DATA PROVIDED –
==*==

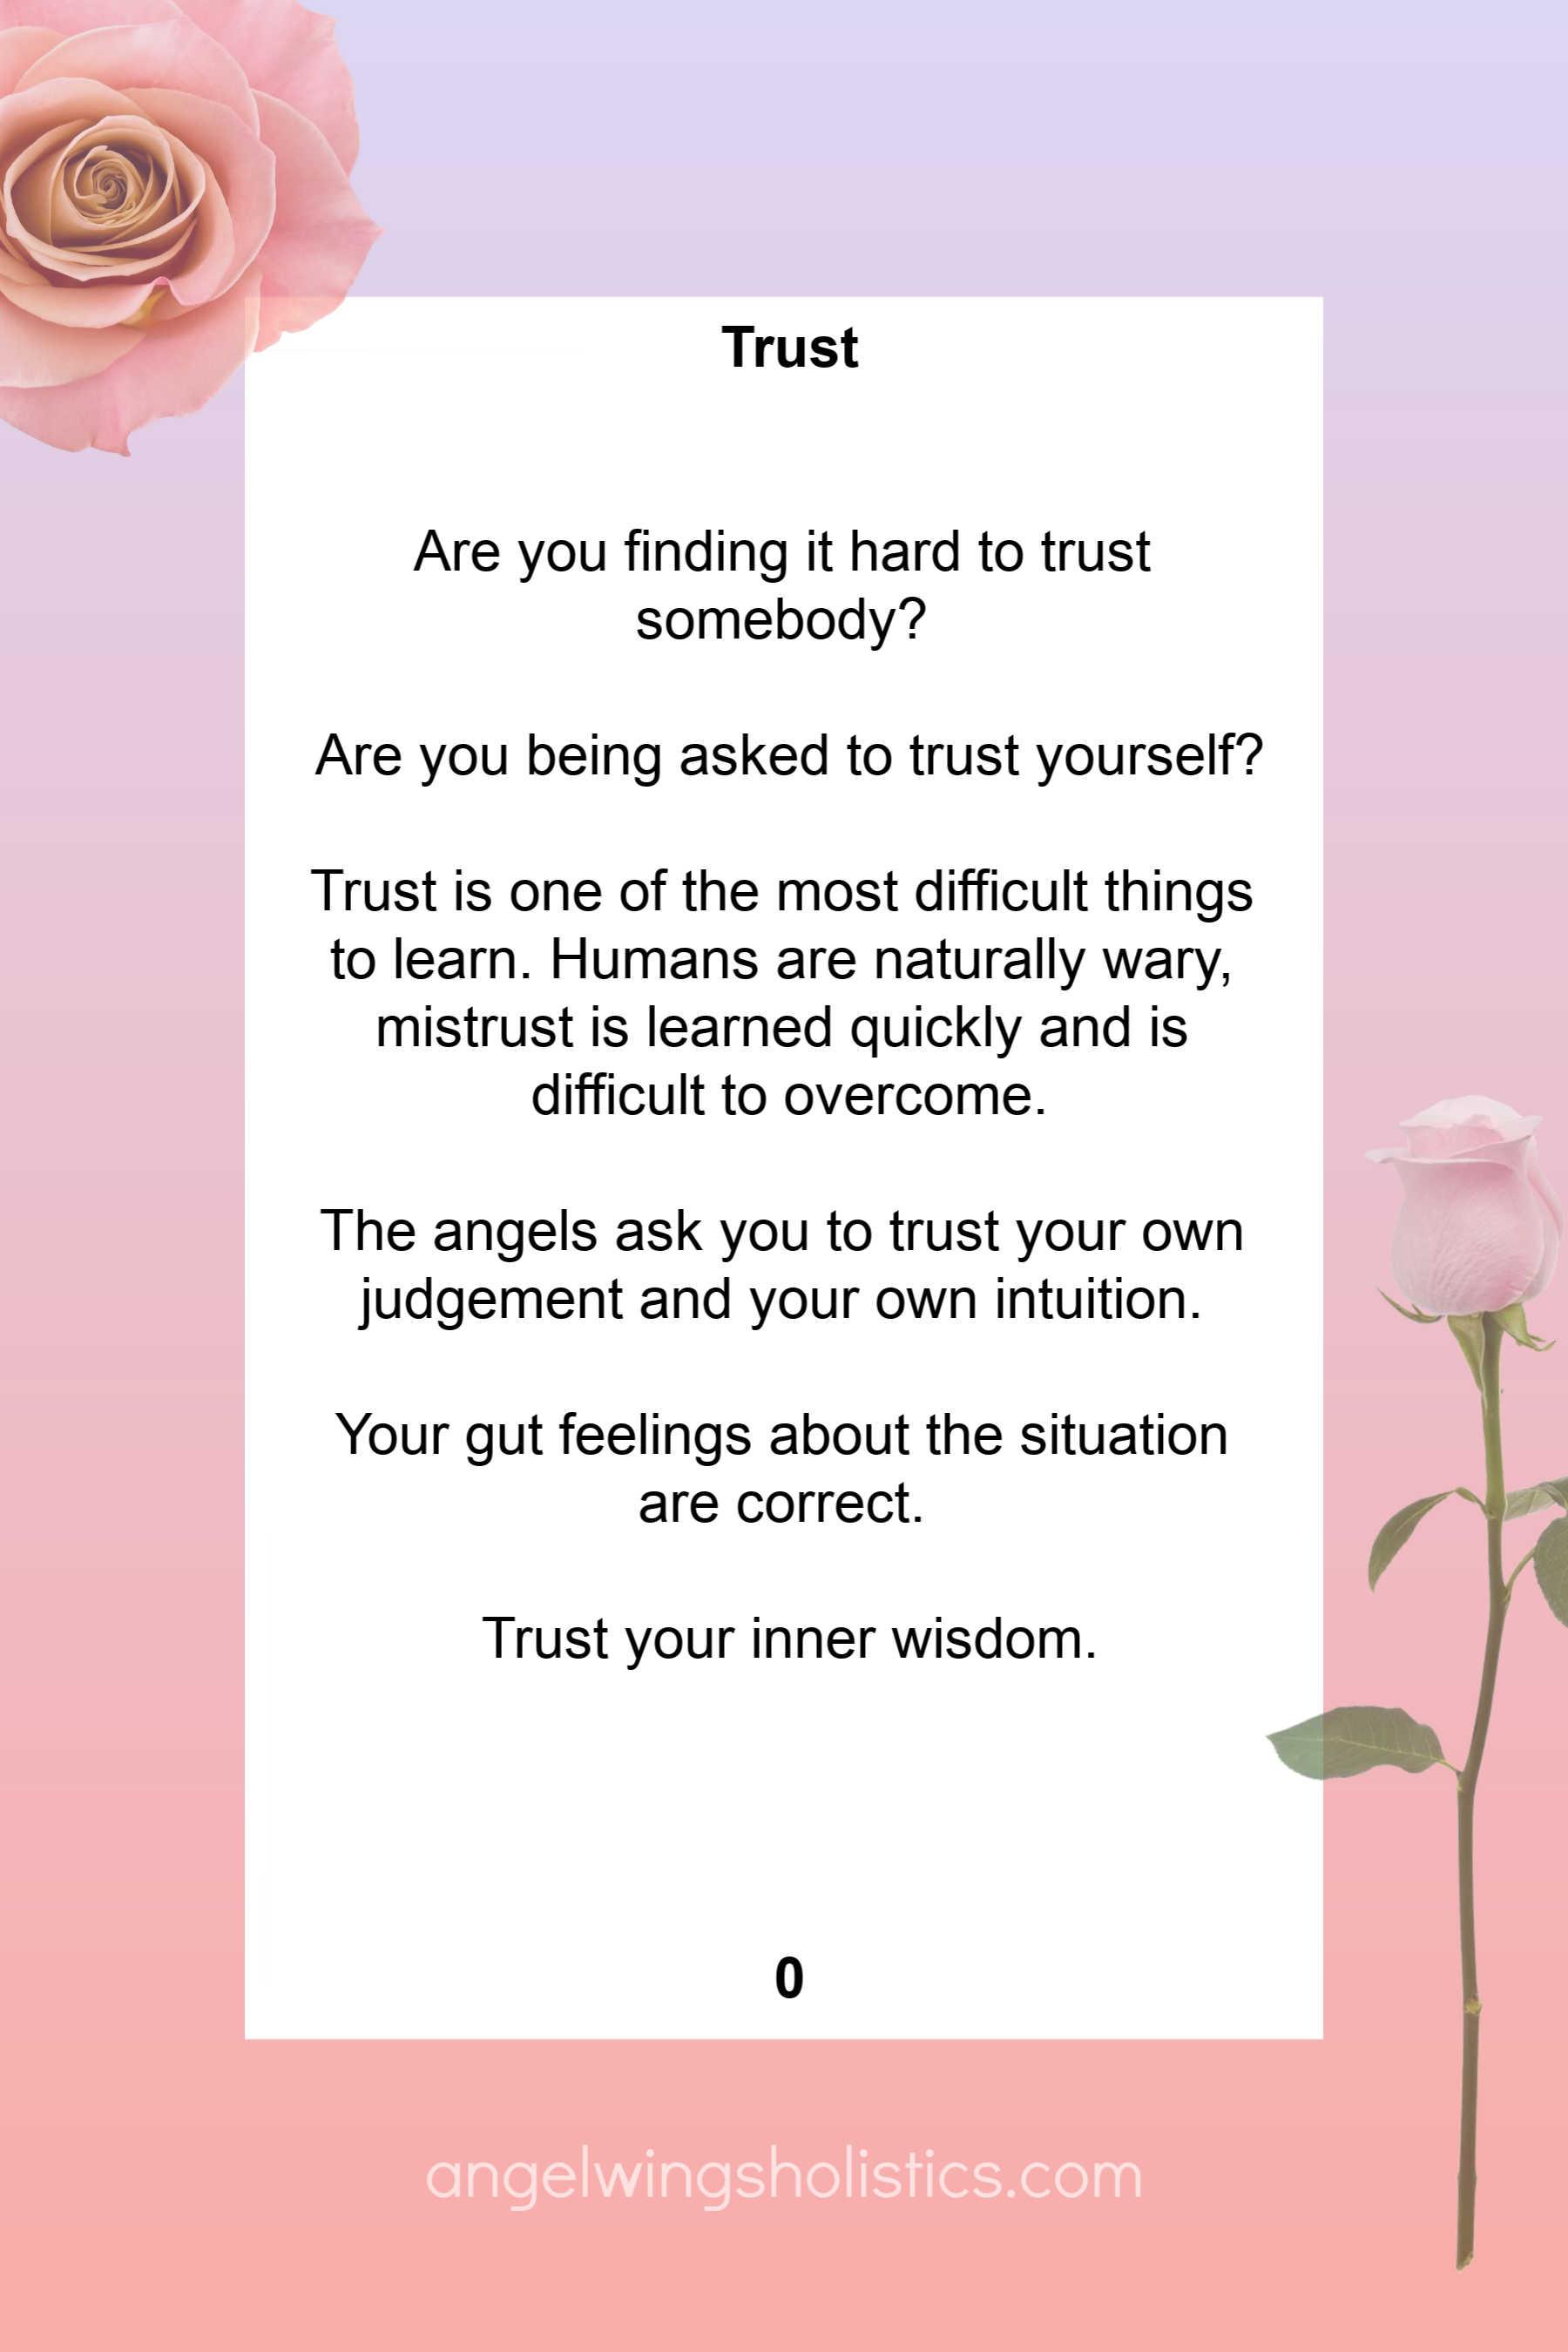 Card Number 0 - Trust
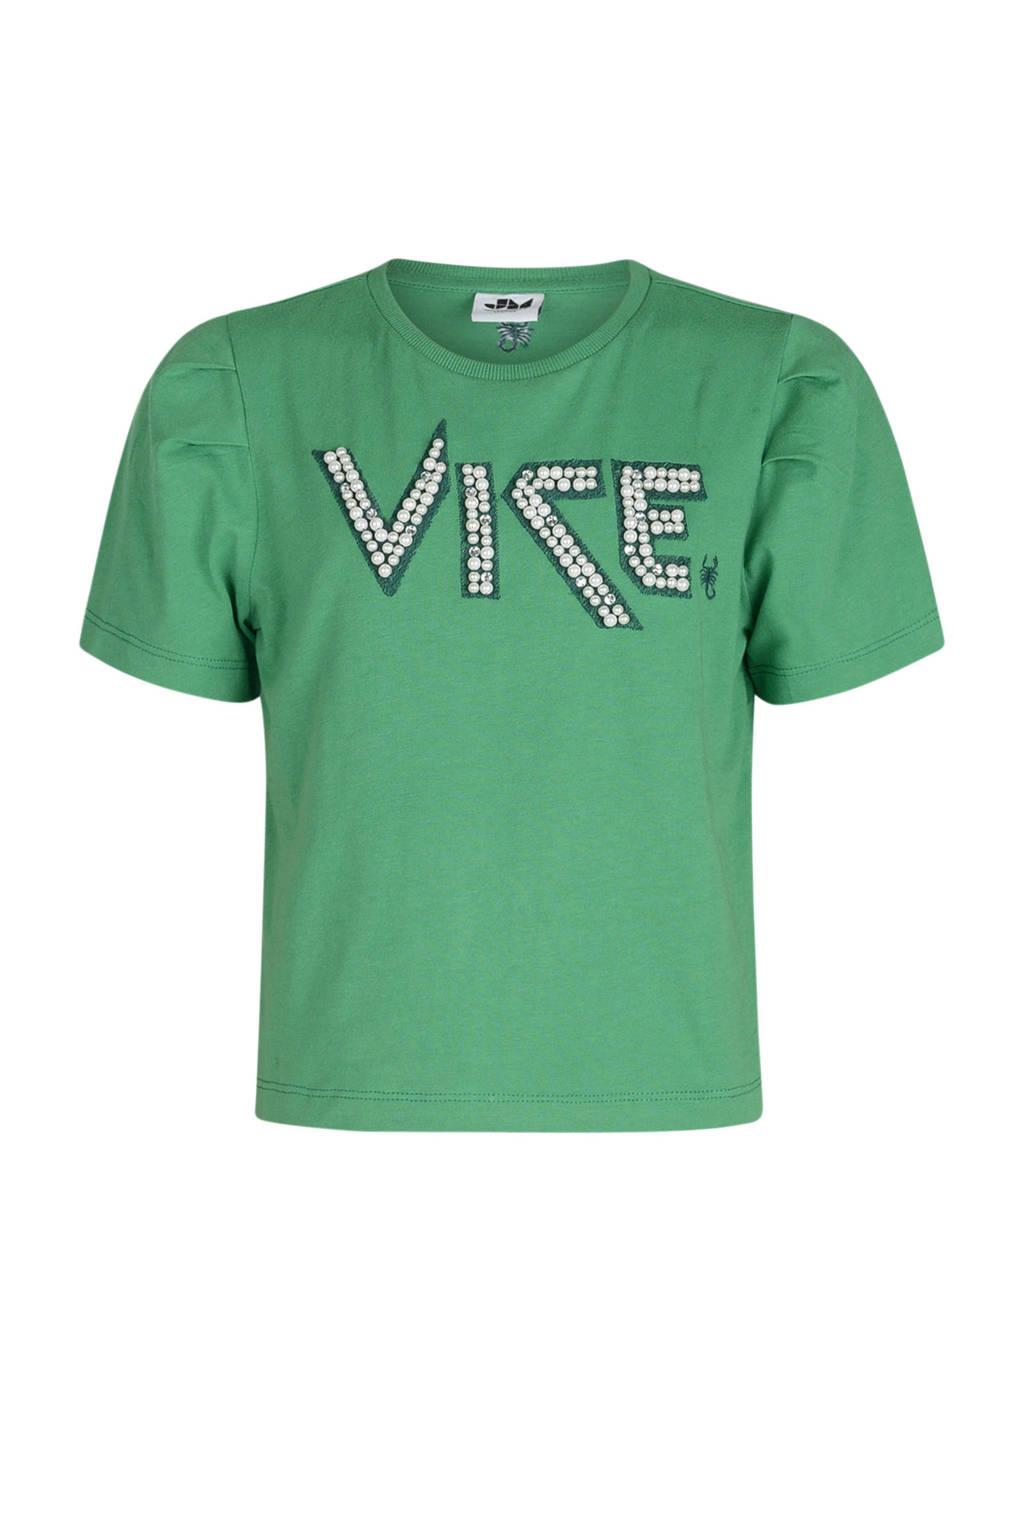 Jill & Mitch by Shoeby T-shirt Gammie met tekst groen, Groen
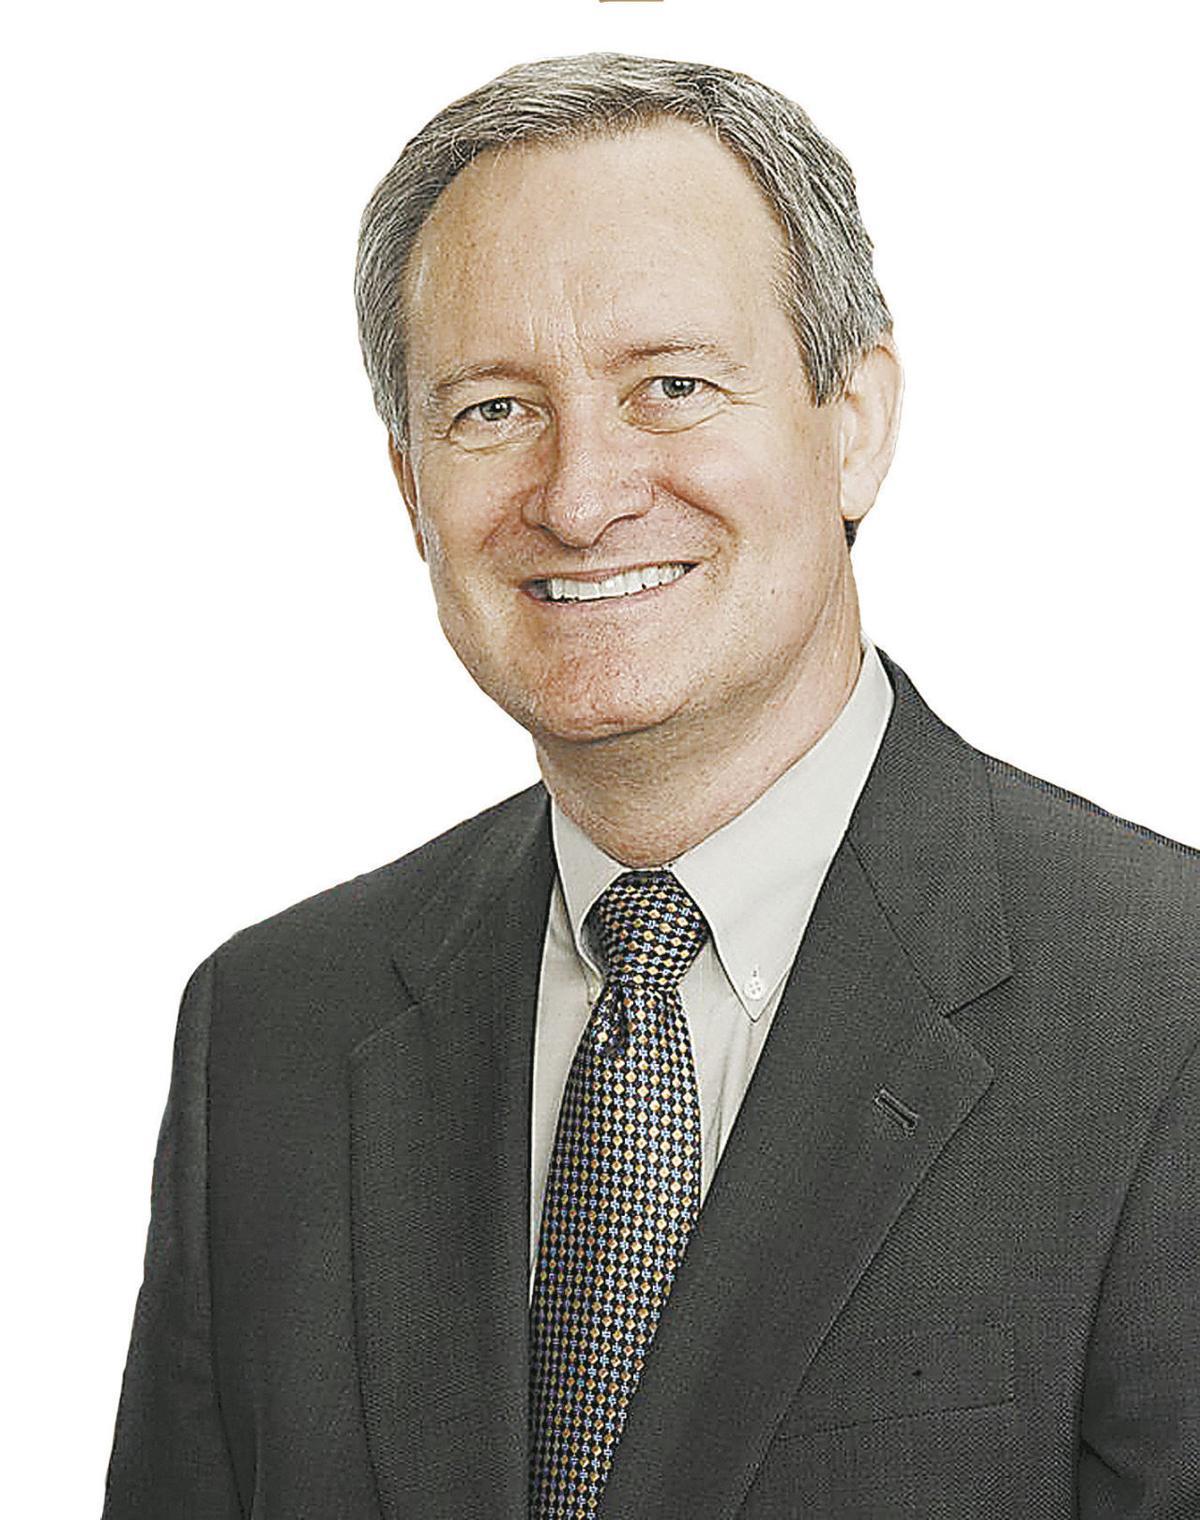 U.S. Senator Mike Crapo

==*==

WHAT YOU WILL DO – Leave out the pictures. Transcribe the rest of the listing above exactly.

FINISHED EXERCISE –
 Card Number 0 - Trust
 Jill & Mitch by Shoeby T-shirt Gammie met tekst groen, Groen
 U.S. Senator Mike Crapo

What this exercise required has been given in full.